Our results in children differ from those obtained by Starreveld in adults. While in the original study scores given by the four individual observers were highly significantly correlated, we obtained only a moderate interobserver agreement [10]. In addition, Starreveld described a significant correlation between the actual image as seen on the abdominal radiograph and defecation frequency. However, no controls were included, so the actual performance using a ROC curve could not be assessed. Our analysis actually showed a diagnostic accuracy which, with an AUC of 0.54, was only marginally above results that can be obtained by chance.

The other three scoring systems for evaluating constipation using an abdominal radiograph also had good sensitivity and specificity results in the original publications [24]. However, when in a subsequent evaluation a ROC curve was obtained, the AUC of the Leech score did not exceed 0.68 [5]. For the Barr and Blethyn scores the AUC obtained was 0.84 and 0.74 respectively, when scoring was done by an experienced radiologist, but lower when performed by a student or trainee [6]. Interestingly, in our study more experience did not result in an improved AUC. The best AUC, 0.72 for the Starreveld and 0.63 for the Barr score, was obtained by the student.

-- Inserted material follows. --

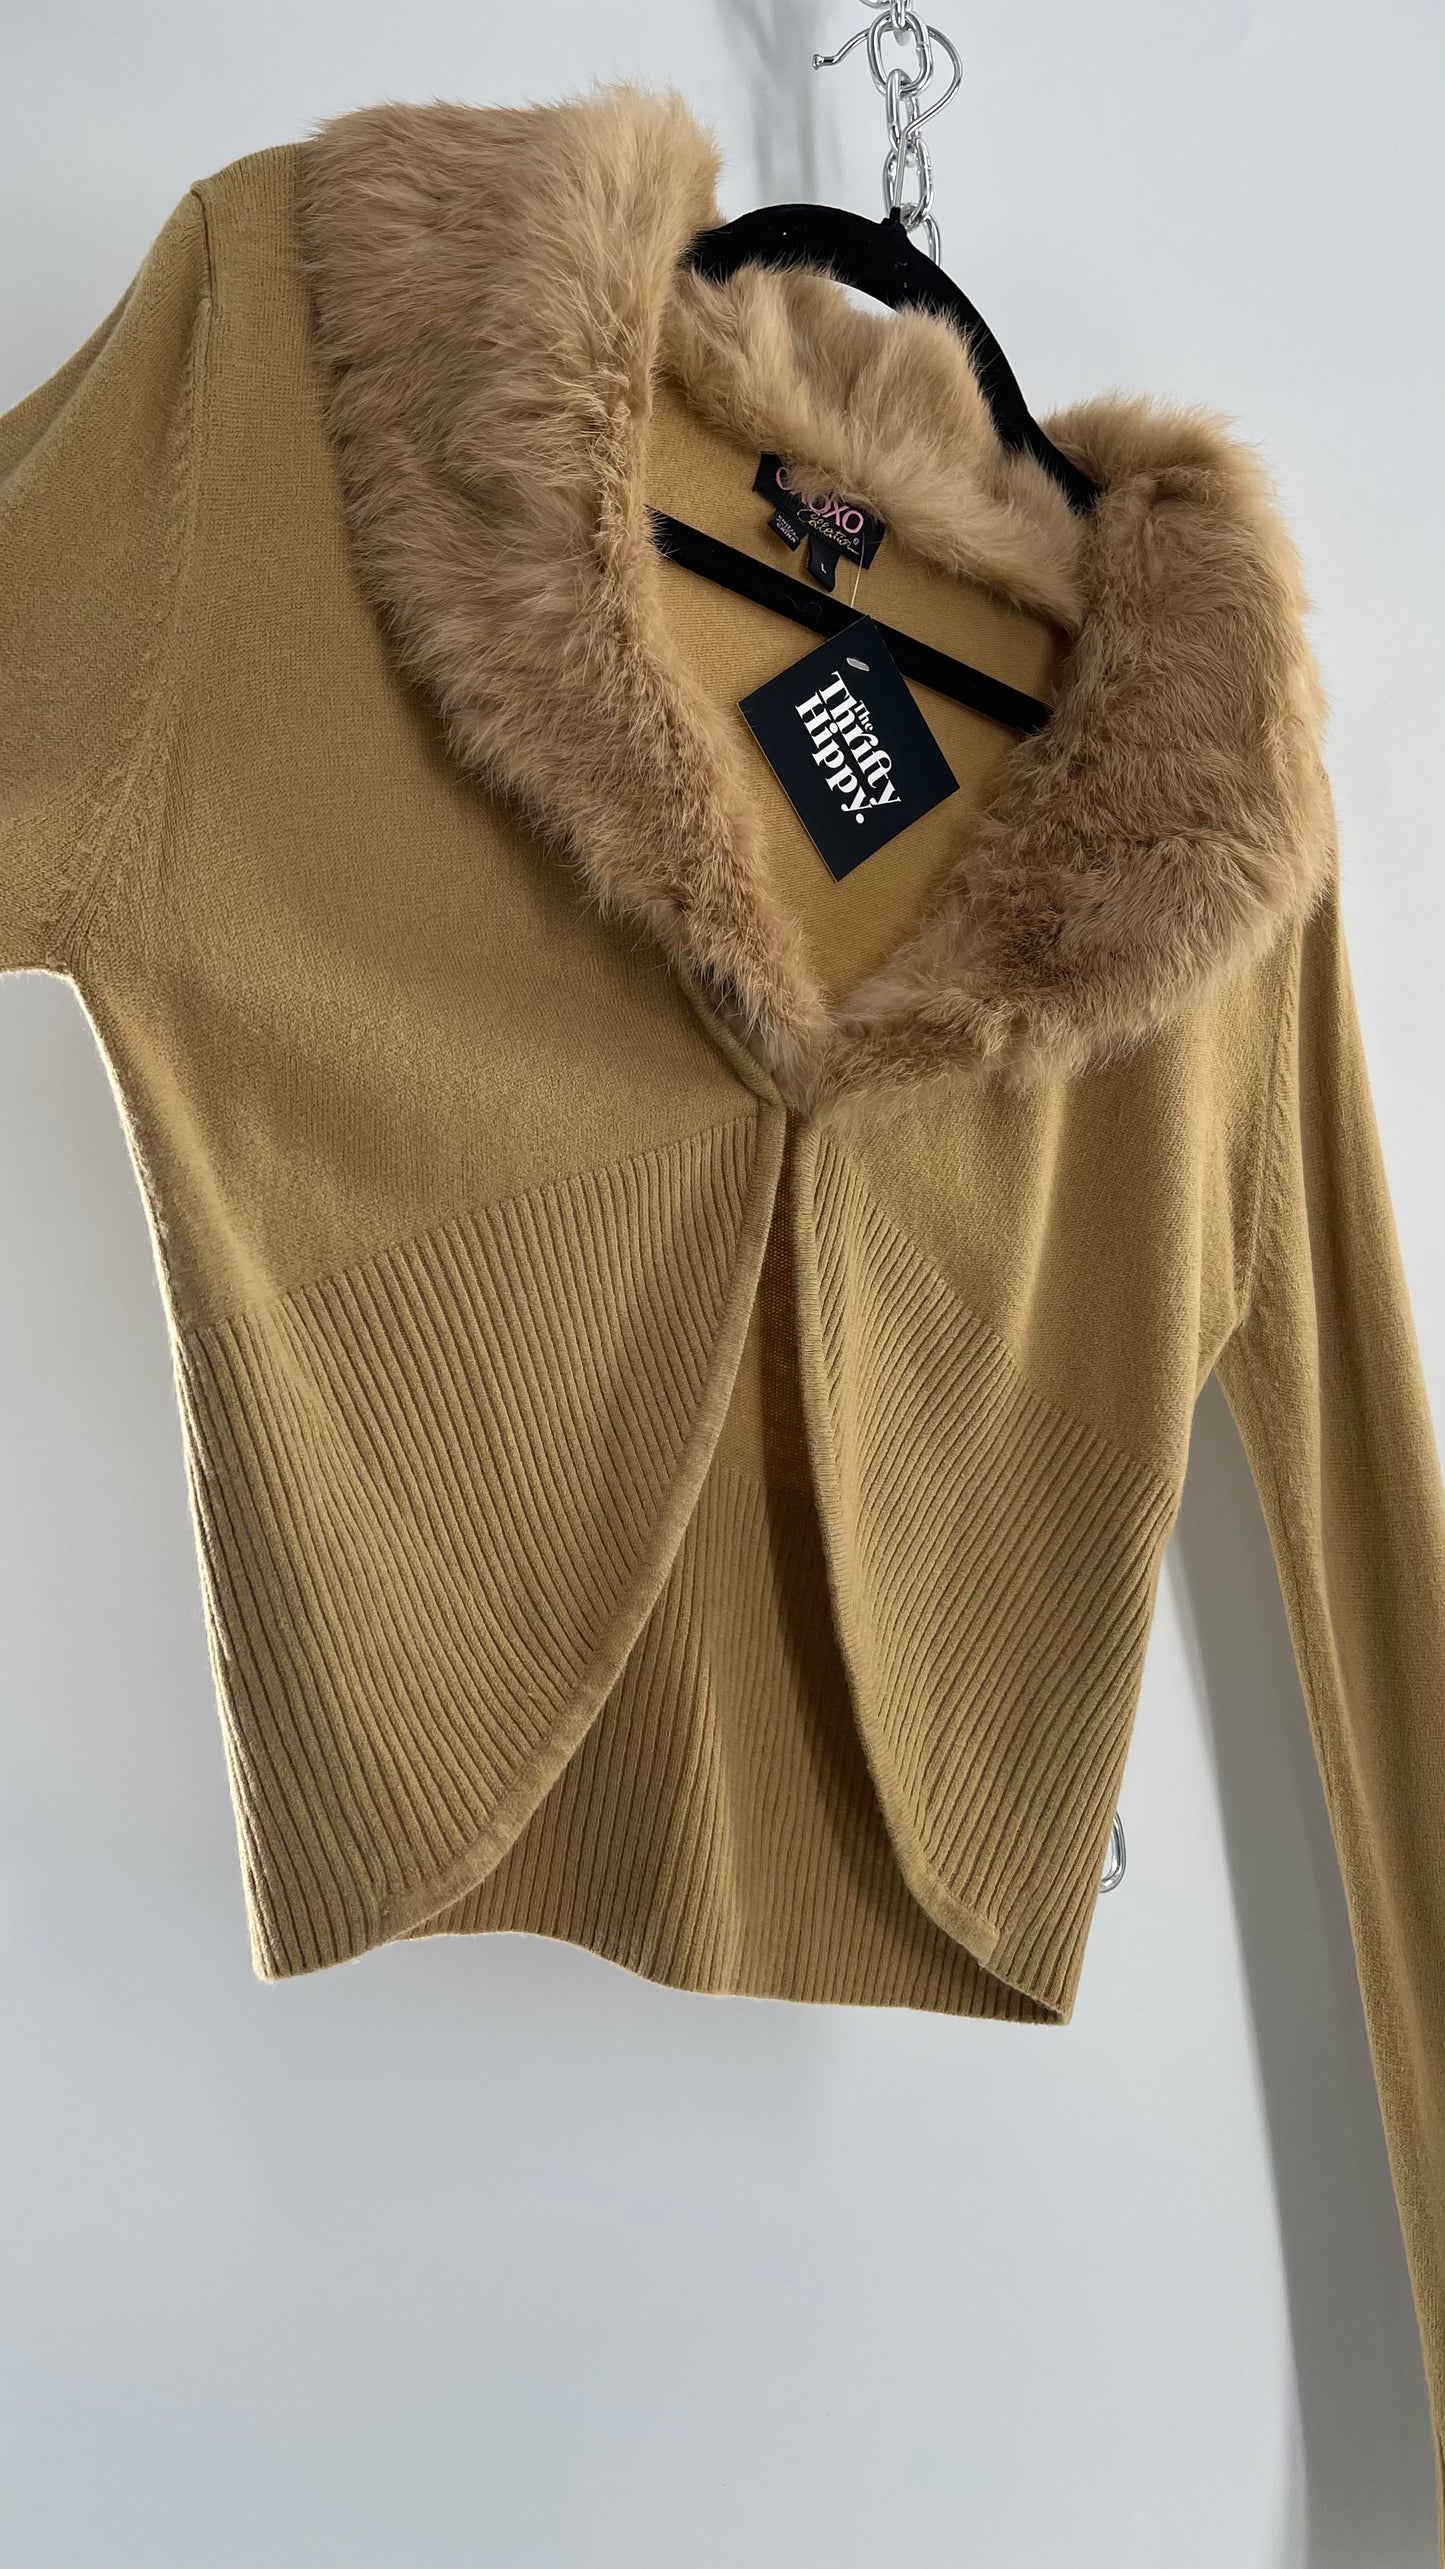 Vintage XOXO Tan Fasten Bust Cropped Cardigan Shrug with Genuine Rabbit Fur Exaggerated Collar (Large)

This AUC, which is still far from ideal, is similar to values obtained by others for the Leech, Blethyn and Barr scores [5, 6].

In our study interobserver variability for both the Starreveld and Barr score was not good. Similar results were obtained by others for both Barr and Blethyn scores, although the Leech score performed unexpectedly well in another evaluation [57]. However, we and others found a good agreement between the two evaluations of the same observer at different time points [5, 7]. Obviously each observer develops their own interpretation of the original guidelines, resulting in considerable interobserver variability. However, each observer remains consistent in time given the acceptable intraobserver agreement.

Conclusion

The four scores developed for evaluating constipation using an abdominal radiograph did well on initial evaluation [24, 10]. However, on subsequent independent evaluation, both in the current study and in others, these good initial results could not be repeated [5, 6]. Given both the suboptimal AUC and the large interobserver variability the abdominal radiograph should not be part of the routine work-up of childhood constipation.